Aber auch in Zukunft darf die Bezeichnung "Klimaneutralität" gemäß des Verordnungsentwurfs weiterhin verwendet werden. Immerhin muss laut der Verordnung ausgewiesen werden, ob Klimaneutralität durch Einsparungen und nicht durch CO2 Kompensation erreicht wurde. 

Damit müssen Konsument:innen auch weiterhin sehr kritisch auf die Werbeversprechen von Unternehmen achten, denn natürlich sollten Unternehmen ihre Emissionen reduzieren, anstatt sich davon freizukaufen. 

Klare Regeln für „grüne Wer­bung“

Unternehmen sollten nur dann eigene "grüne" Labels kreieren dürfen, wenn diese auch von externen Kontrollstellen überprüft werden.

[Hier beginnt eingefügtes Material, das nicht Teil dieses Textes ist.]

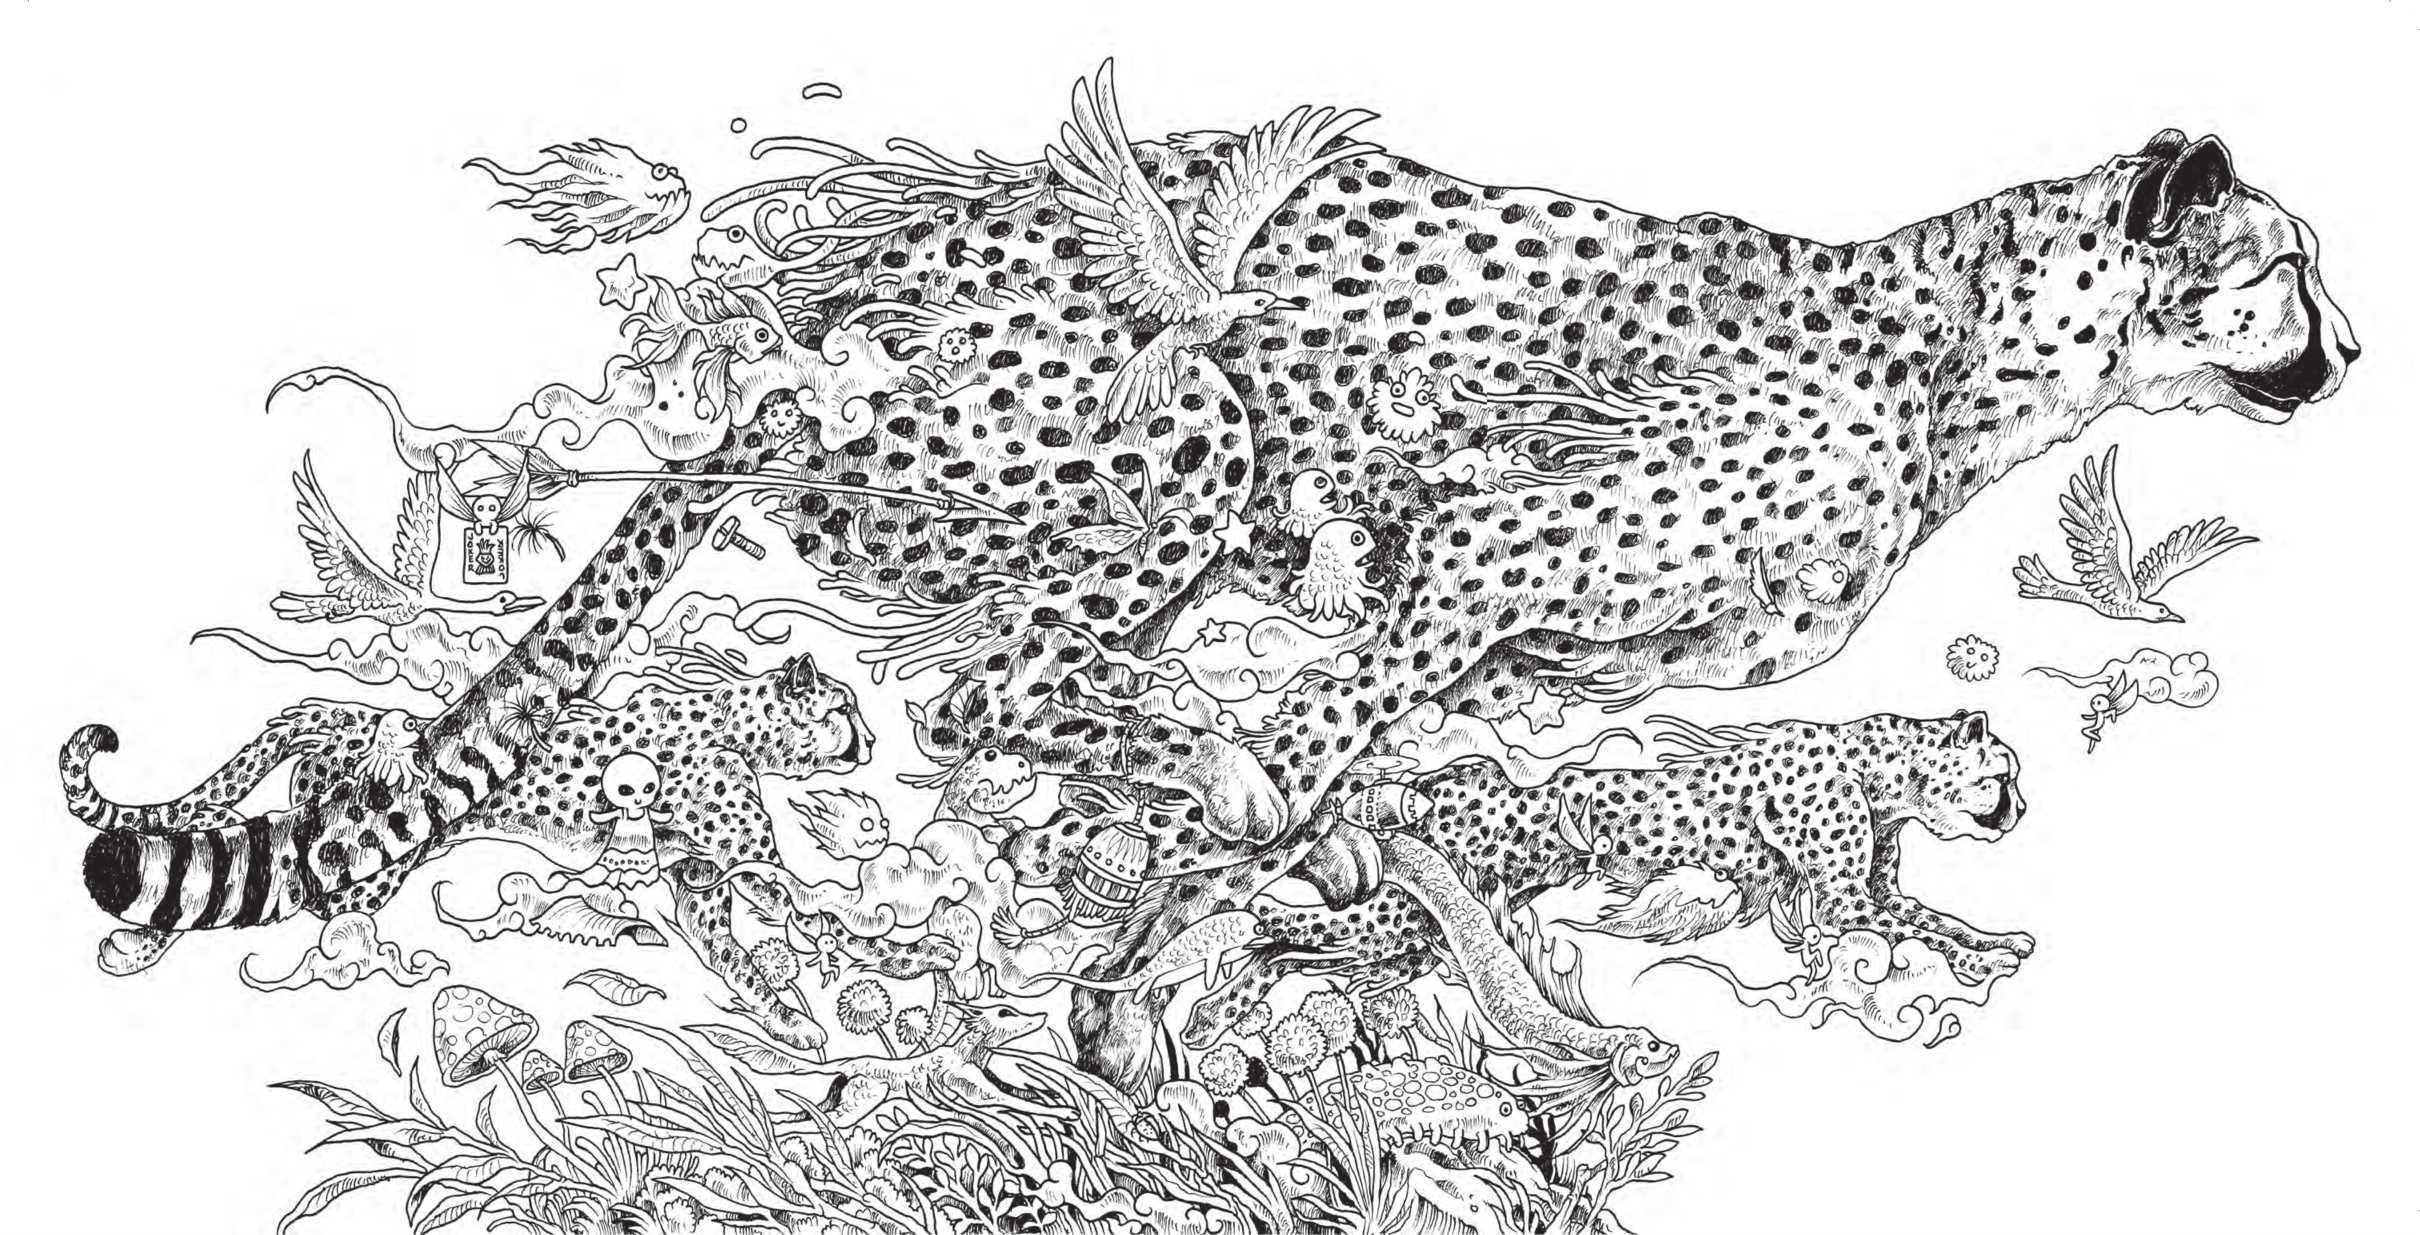 animorphia-cheetah.jpg (2420×1235)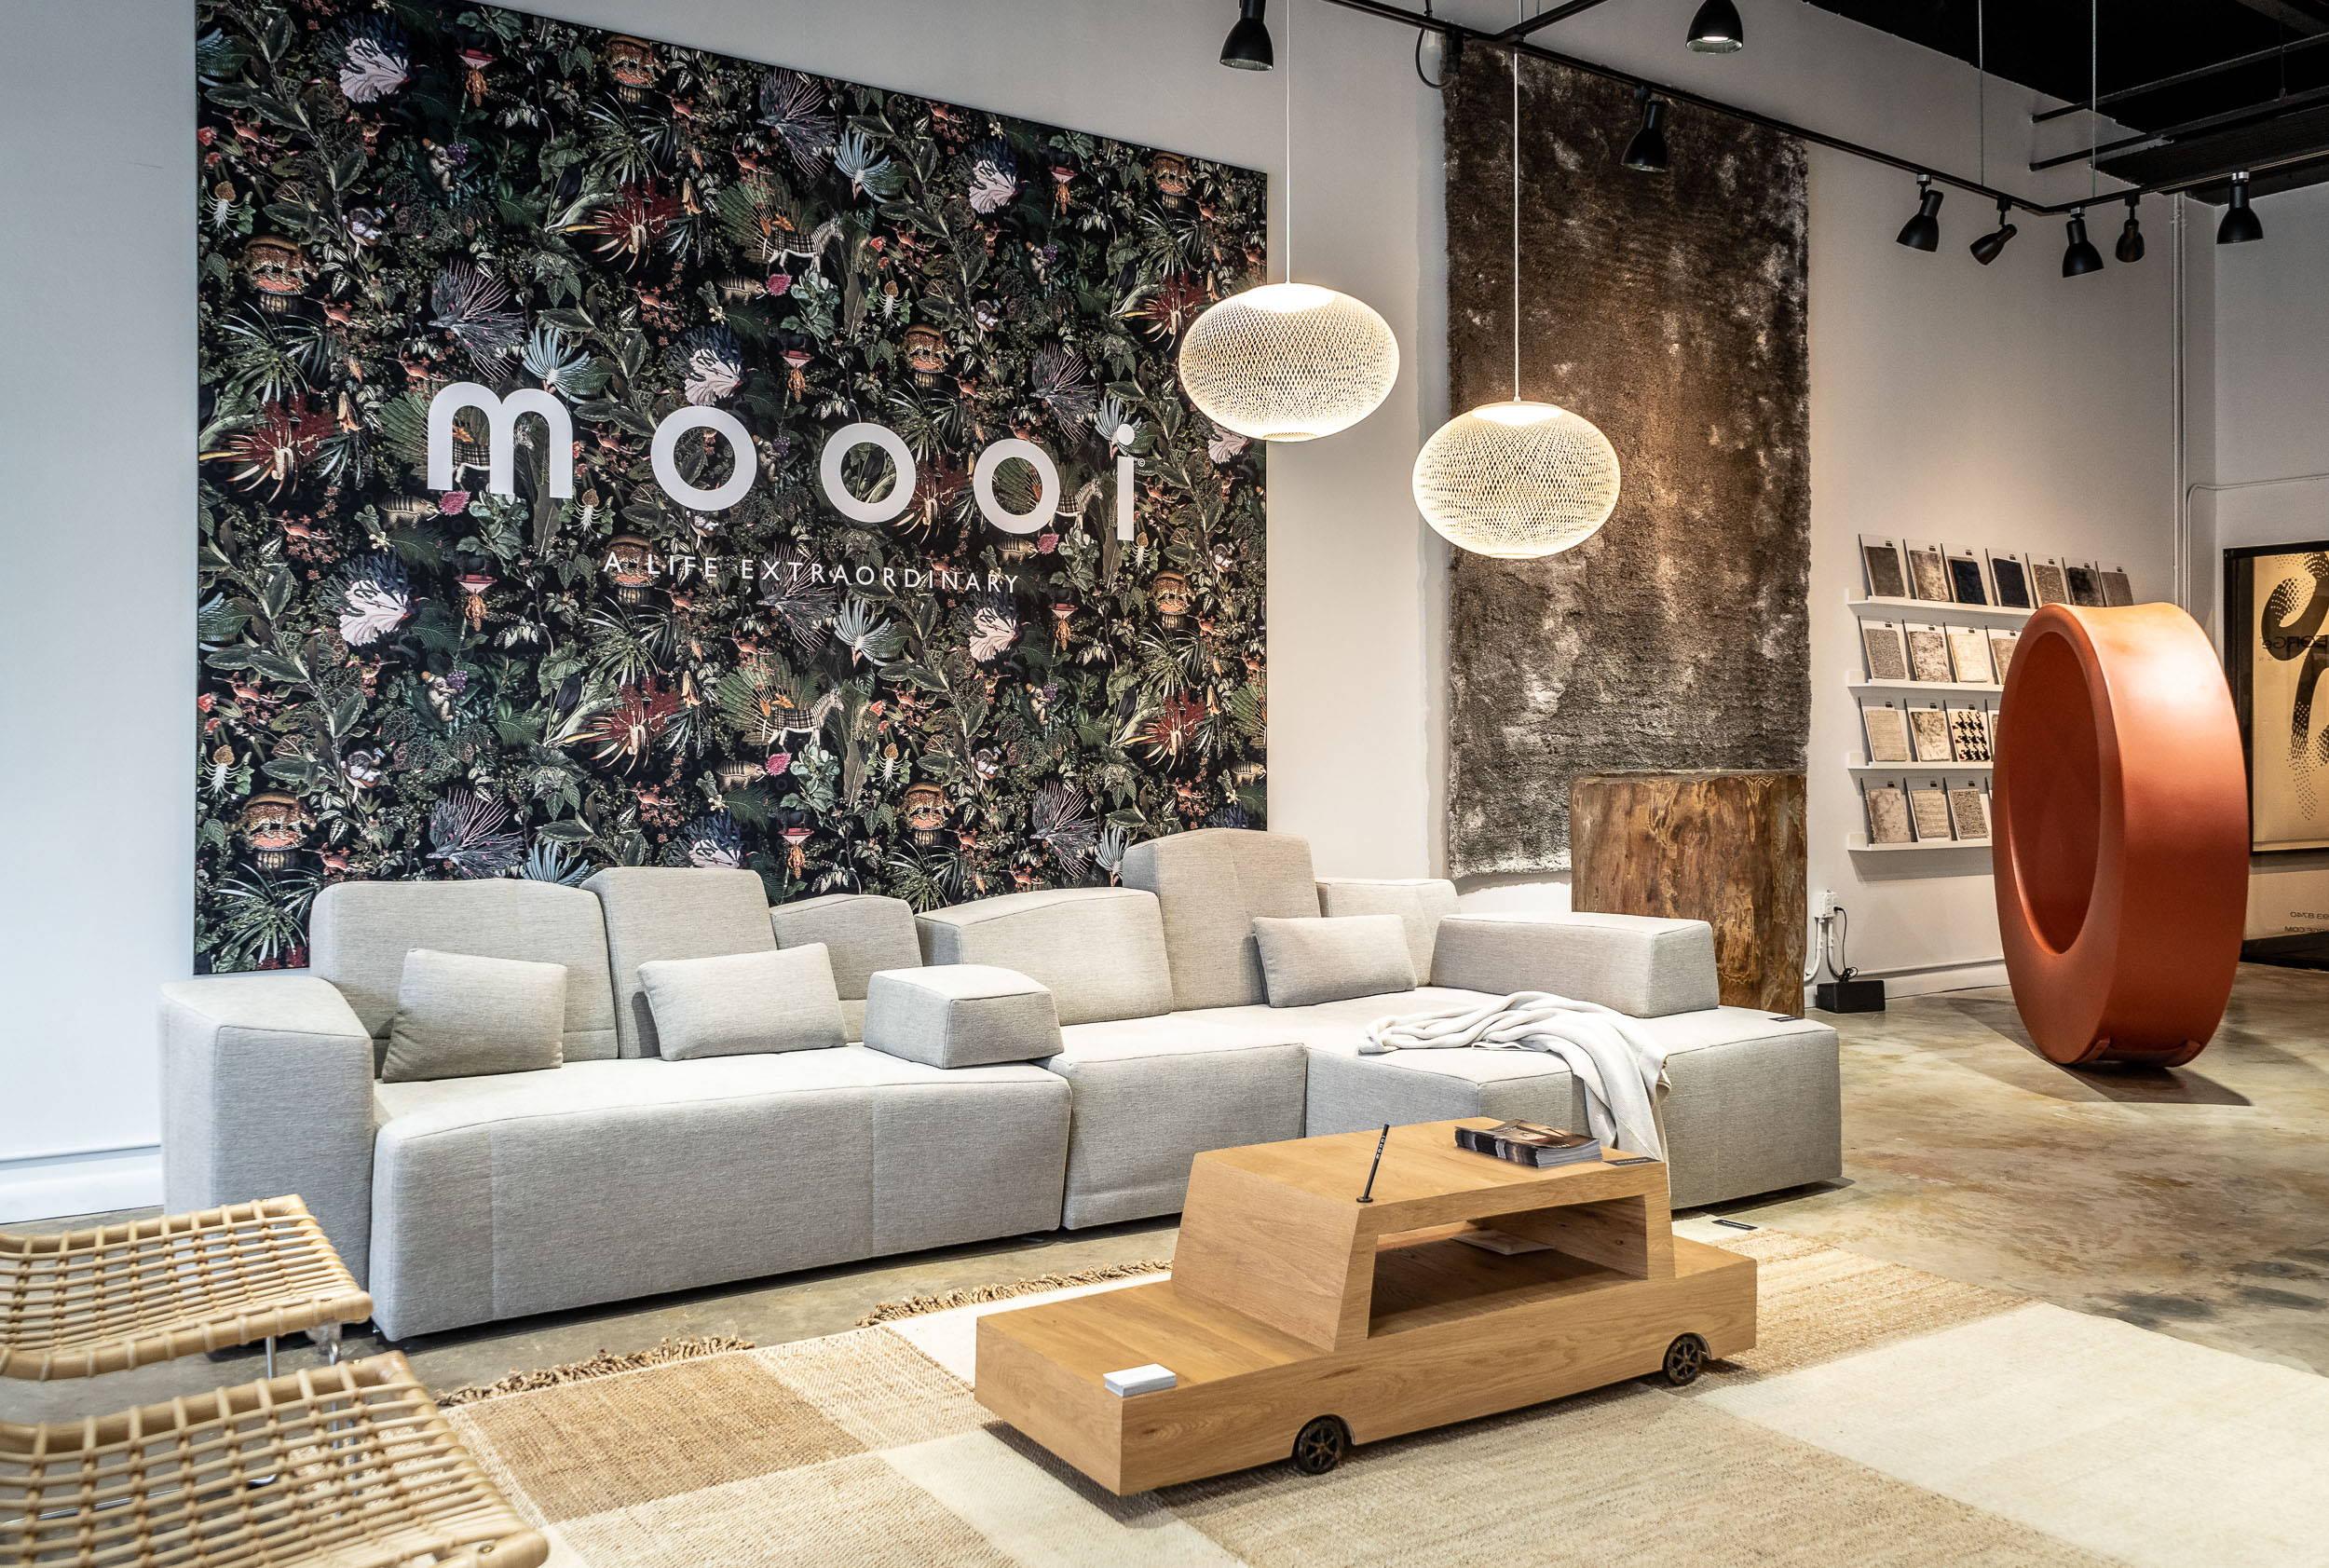 JANGEORGe Interior Design, Miami Showroom with MOOOI, GT Design on display.

Außerdem müssen auch soziale Aspekte beachtet werden. Die geplanten Strafen bei Verstößen müssen bindend sein und dürfen nicht einfach umgangen werden, indem Unternehmen innerhalb einer bestimmten Frist ihre Werbung ändern.

Viele Produkte und Dienst­leistungen werden als klima­neutral be­worben, obwohl die Her­stellung nicht emissions­frei ist. Solches "Green­washing" ist zu kontrollieren. Zudem müssen Unter­nehmen Emissionen reduzieren, anstatt sich mit CO2-Zertifikaten einen "grünen An­strich" er­kaufen.